• Academic Technology

Blended Learning – What’s in a Name?

Hybrid learning, collaborative learning, blended learning, integrated online learning – all terms that are being used to try and define the ways in which universities, schools and colleges are working to rethink the design and delivery of their courses to suit the needs of an increasingly digitally-savvy student audience.

This integration of traditional classroom-based teaching and technologically-enhanced learning methods was highlighted in the latest edition of the Horizon Report as a ‘fast trend’ – one that will drive change in the higher education sector in the next 1 -2 years as schools seek to take advantage of the possibilities blended approaches offer around enhancing collaboration, honing students’ digital literacies, and providing more engaging learning environments.

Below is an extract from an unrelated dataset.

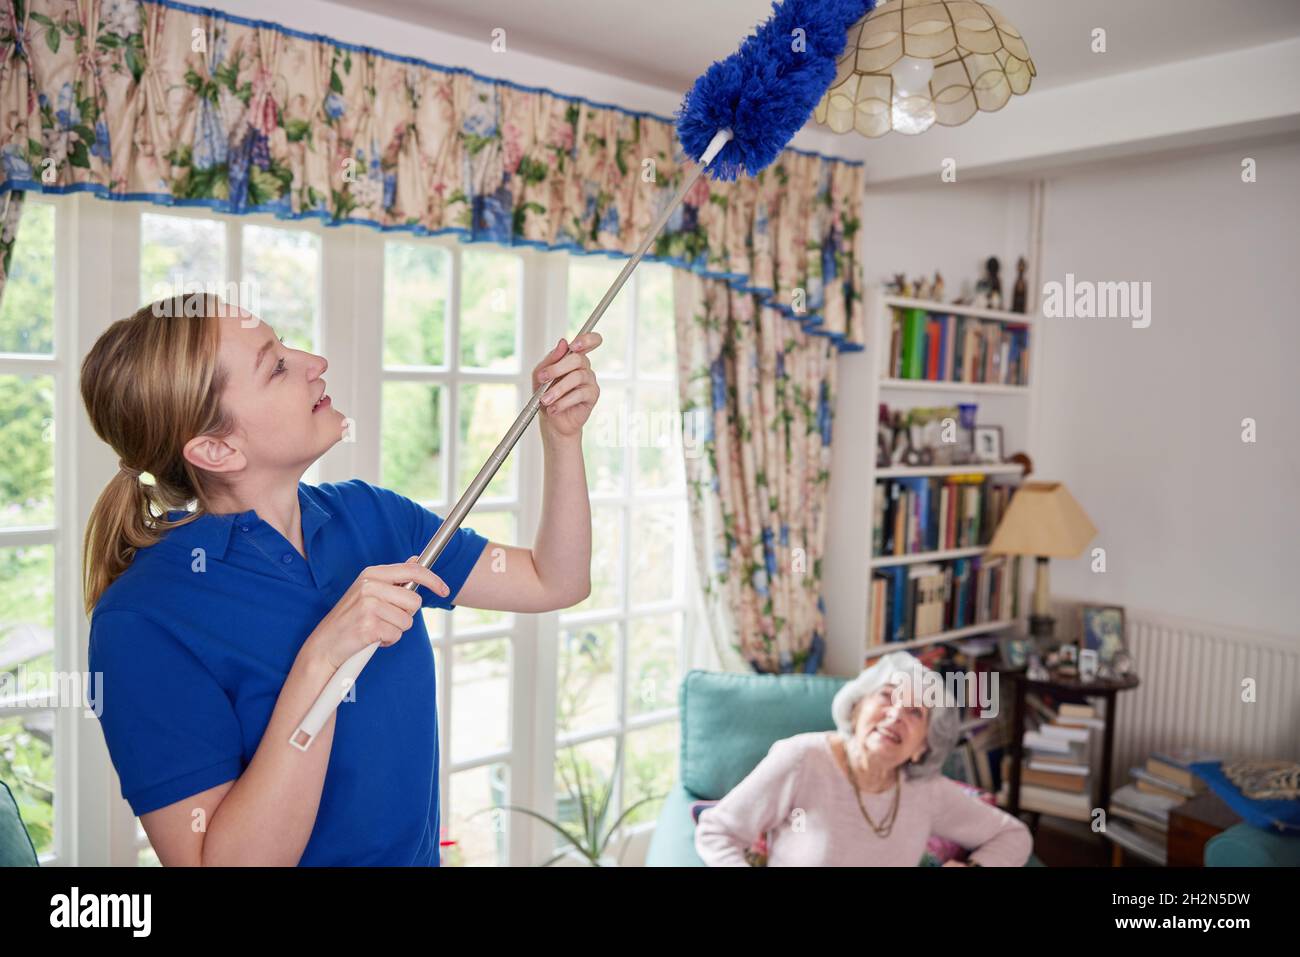 Female Home Help Cleaning House As She Dusts And Talks To Senior Woman Stock Photo

If you talk to students directly about their educational experiences, though, you’ll be hard pressed to hear them use a term like ‘blended learning’ or any of the variants. For today’s digital natives, the need to have a ‘blend’ of online and real-world teaching and learning approaches seems so obvious as to almost not warrant comment. We’ve heard from students who consider that academics who aren’t using tools like lecture capture or their university’s virtual learning environment (VLE) or learning management system (LMS) are ‘behind the times’.

The challenge this poses for institutions is in making sure all of their staff are equipped to complement their face-to-face teaching methods with online analogues such as recorded lecture content and flipped classroom clips. Gearing up hundreds of staff to be able to operate in a blended teaching environment is no small feat, and while technologies like ours are designed to make some of these transitions as easy as possible, at first it can feel like a culture shift.

But – the move towards blended learning doesn’t necessarily have to be a top-down approach.

While students don’t talk about blended learning, more often than not they’re doing it themselves, almost by default.

In a recent guest post on our blog, Daniel Doyle, a student at Newcastle University, details the ways in which he and his classmates use a real-world study group to review recorded lectures and other digital material – completely reversing the old practice of students discussing classroom lectures online after they’ve attended.

Digital collaboration of almost all kinds have become commonplace among students we’ve spoken to, connecting after a lecture or seminar using Facebook and Whatsapp – in addition to accessing material online through their institution’s VLE.

For universities that want to create blended approaches that really engage, it may well be worth taking some time to learn from the people who will use the blend in the first place. Just be aware those students might not put a specific name to it – they might just call it… learning.